Cancers 2022, 14(24), 6061; https://doi.org/10.3390/cancers14246061
Submission received: 30 October 2022
/
Revised: 30 November 2022
/
Accepted: 7 December 2022
/
Published: 9 December 2022
(This article belongs to the Special Issue Tyrosine Kinase Inhibitors (TKIs) in Cancer Targeted Therapy)
Abstract
:Simple Summary
Multitargeted tyrosine kinase inhibitors (TKIs) provide clinical benefit in patients with cancer when daily dosed to continuously inhibit their designated targets. Alternative dosing strategies pursuing higher tumor drug concentrations may improve their benefit by inhibiting relevant off-target kinase activity. We studied the tumor-drug exposure in a previously established safe and feasible high-dose intermittent treatment strategy of the multikinase inhibitor sunitinib in relation to its treatment benefit.
Abstract
Patients with advanced cancer refractory to standard treatment were treated with sunitinib at a dose of 300 mg once every week (Q1W) or 700 mg once every two weeks (Q2W). Tumor, skin and plasma concentrations were measured and immunohistochemical staining for tumor cell proliferation (TCP), microvessel density (MVD) and T-cell infiltration was performed on tumor biopsies before and after 17 days of treatment. Oral administration of 300 mg sunitinib Q1W or 700 mg Q2W resulted in 19-fold (range 5–35×) and 37-fold higher (range 10–88×) tumor drug concentrations compared to parallel maximum plasma drug concentrations, respectively. Patients with higher tumor sunitinib concentrations had favorable progression-free and overall survival than those with lower concentrations (p = 0.046 and 0.024, respectively). In addition, immunohistochemistry of tumor biopsies revealed an induction of T-cell infiltration upon treatment. These findings provide pharmacological and biological insights in the clinical benefit from high-dose intermittent sunitinib treatment. It emphasizes the potential benefit from reaching higher tumor drug concentrations and the value of measuring TKI tumor- over plasma-concentrations. The finding that reaching higher tumor drug concentrations provides most clinical benefit in patients with treatment refractory malignancies indicates that the inhibitory potency of sunitinib may be enforced by a high-dose intermittent treatment schedule. These results provide proof of concept for testing other clinically available multitargeted tyrosine kinase inhibitors in a high-dose intermittent treatment schedule.
1. Introduction
Protein kinases promote cell proliferation, survival and migration of cancer cells [1]. Over 50 kinase inhibitors, including multitargeted tyrosine kinase inhibitors (TKIs), have been approved [1,2,3]. One of them is sunitinib, an inhibitor of the vascular endothelial growth factors VEGFR1 (FLT1), VEGFR2 (FLK1/KDR), fetal liver tyrosine kinase receptor 3 (FLT3), stem-cell growth factor receptor (KIT), and the platelet-derived growth factor receptors PDGFRα and PDGFRβ [4]. It is approved for oral dosing once daily (Q1D) at its maximum tolerated dose (MTD) of 50 mg (4 weeks on/2 weeks off) [5].

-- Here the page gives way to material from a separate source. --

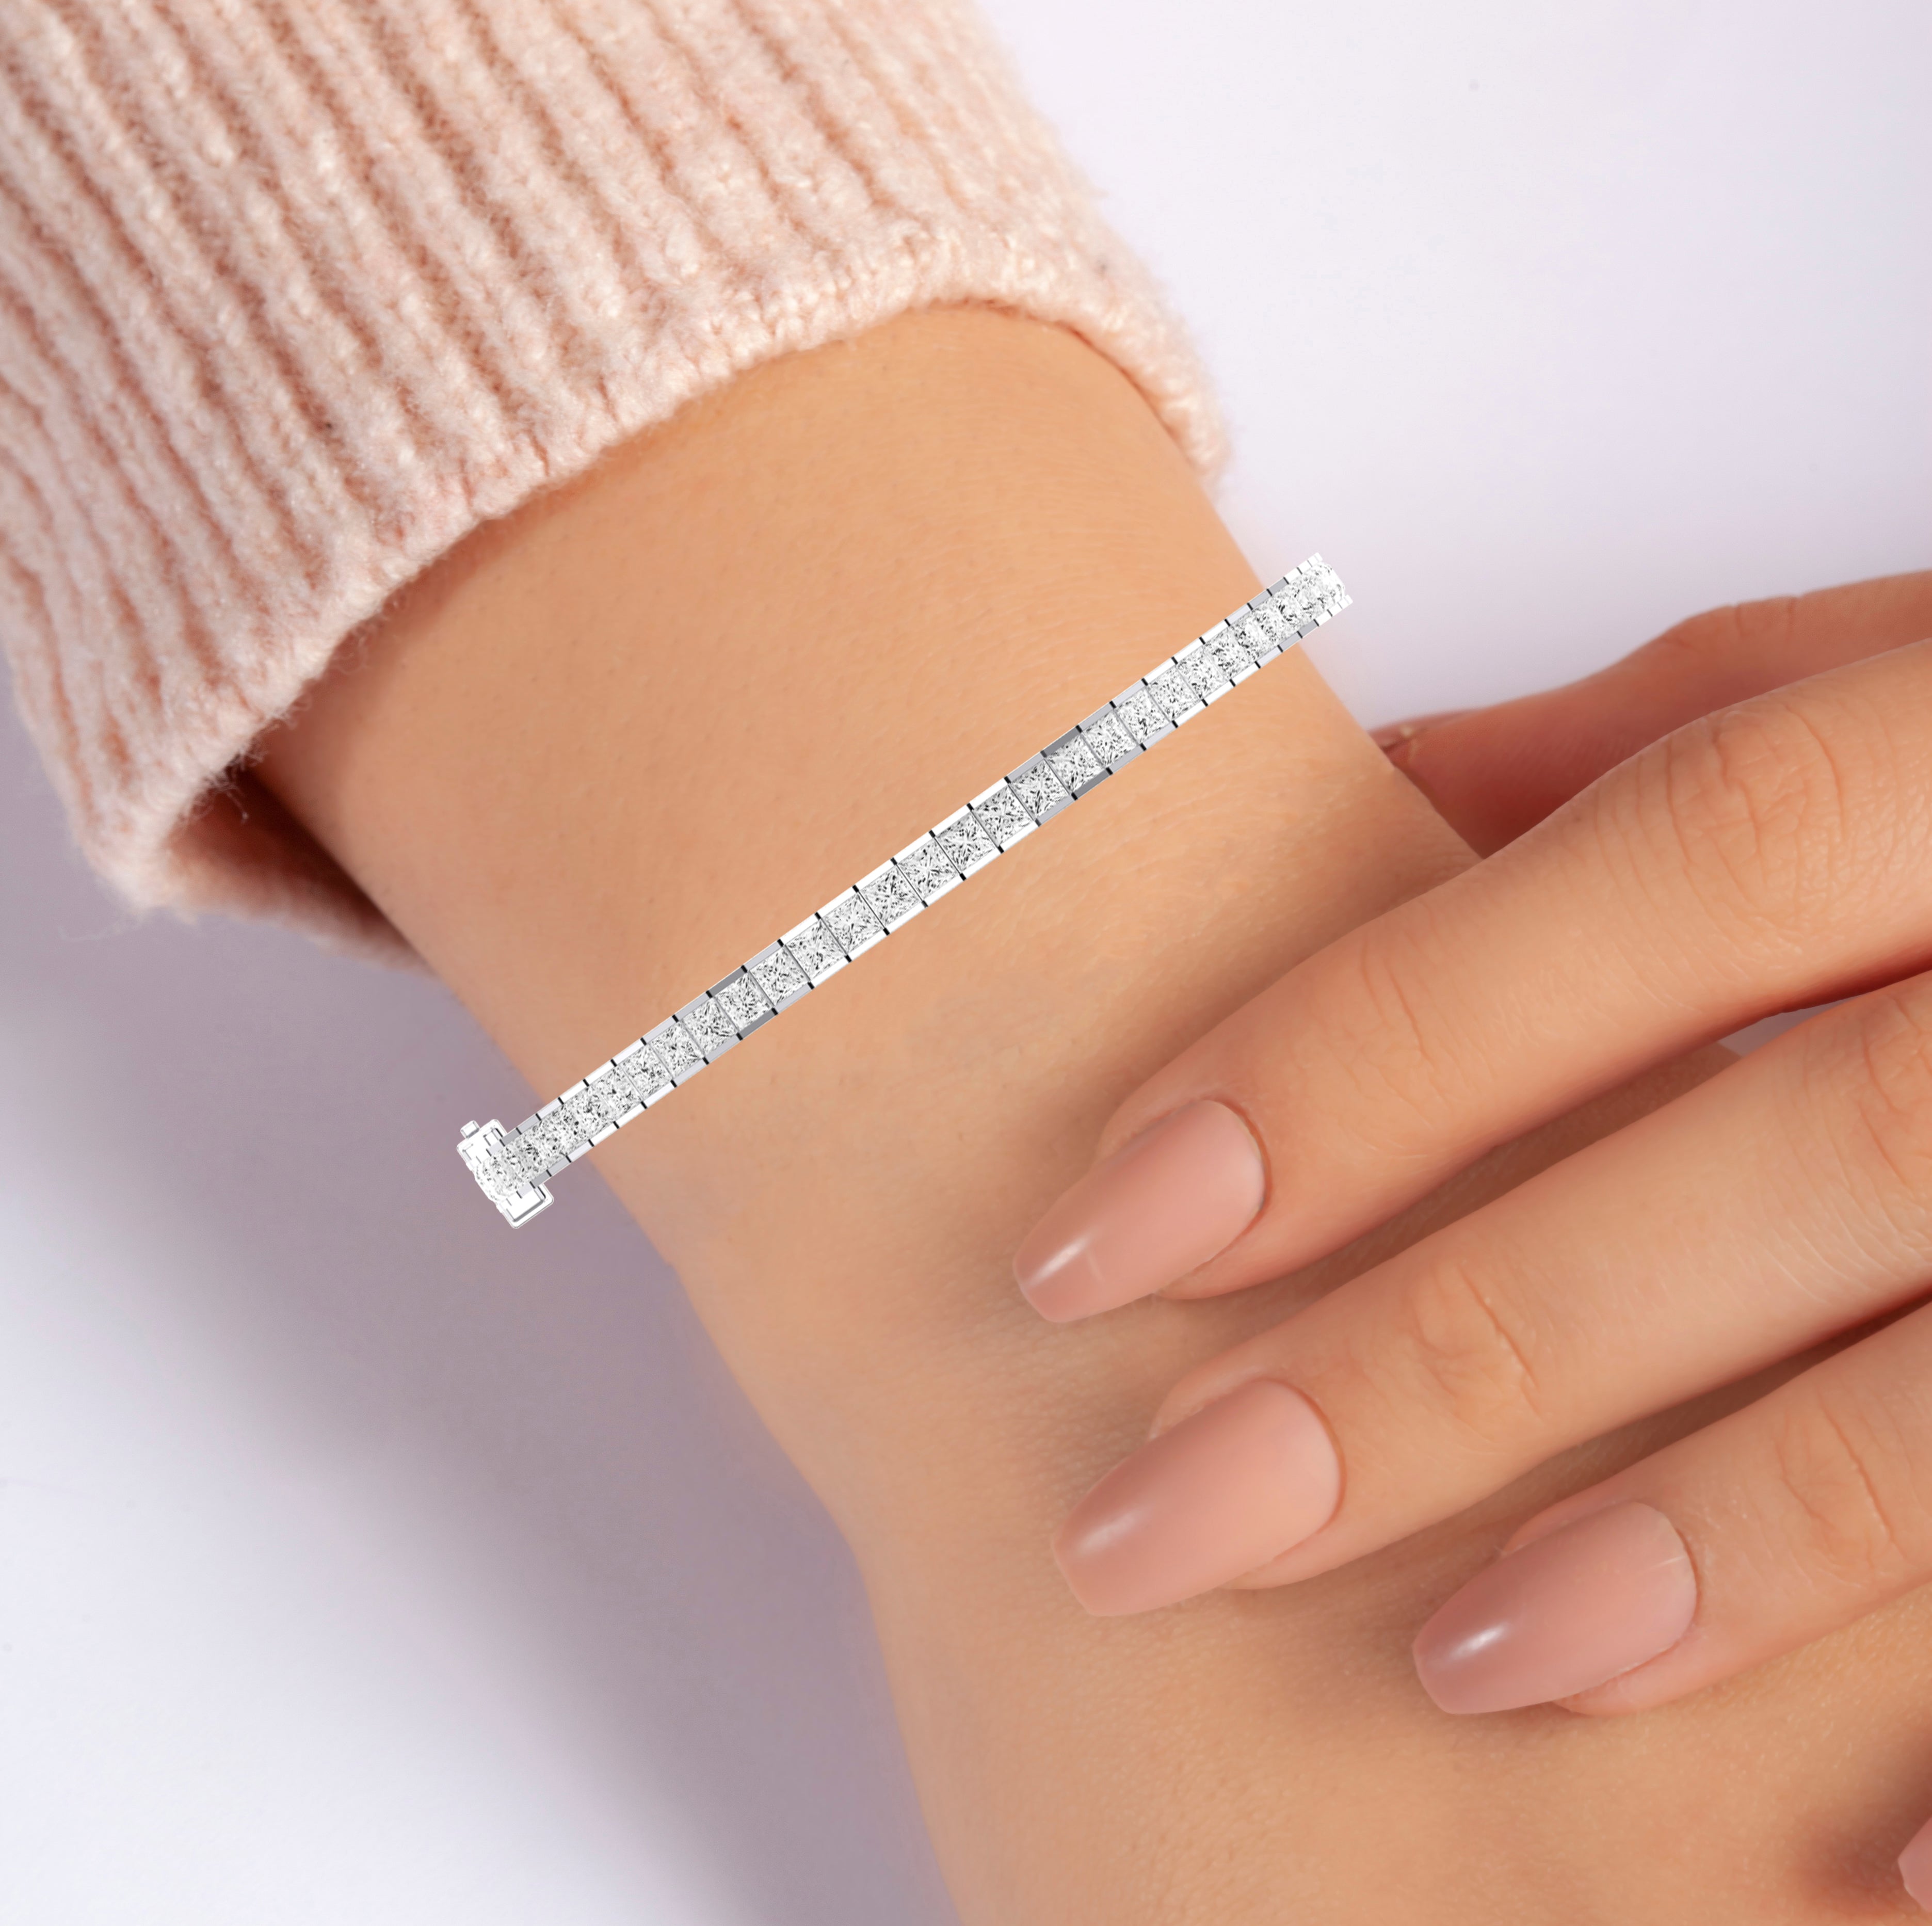 18k White Gold Invisible Set Princess Cut Diamond Bangle Bracelet HOB VS G  | eBay

Despite significant clinical benefit in advanced renal cell cancer, imatinib-resistant or -intolerant gastrointestinal stromal tumors and well-differentiated neuroendocrine tumors of the pancreas, treatment benefit is of limited duration due to acquired resistance. Moreover, for most common tumor types, such as colorectal cancer, prostate cancer, and breast cancer, sunitinib treatment is ineffective in the majority of patients [2].
Sunitinib is extensively distributed into various tissues, whereas only a small fraction of the drug remains in the circulation, reflected by a relatively large apparent volume of distribution (2230 L) [5]. It is metabolized by cytochrome P450 3A4 to the equipotent active metabolite N-desethyl sunitinib (SU12662) [4]. Combination of sunitinib + N-desethyl sunitinib represents the total active drug in plasma (SUM concentration), because N-desethyl sunitinib has a similar inhibitory profile and plasma protein binding to that of sunitinib in vitro [6]. Sunitinib and its metabolite are small hydrophobic molecules that can efficiently cross cellular membranes and enter tumor and tumor-supporting cells.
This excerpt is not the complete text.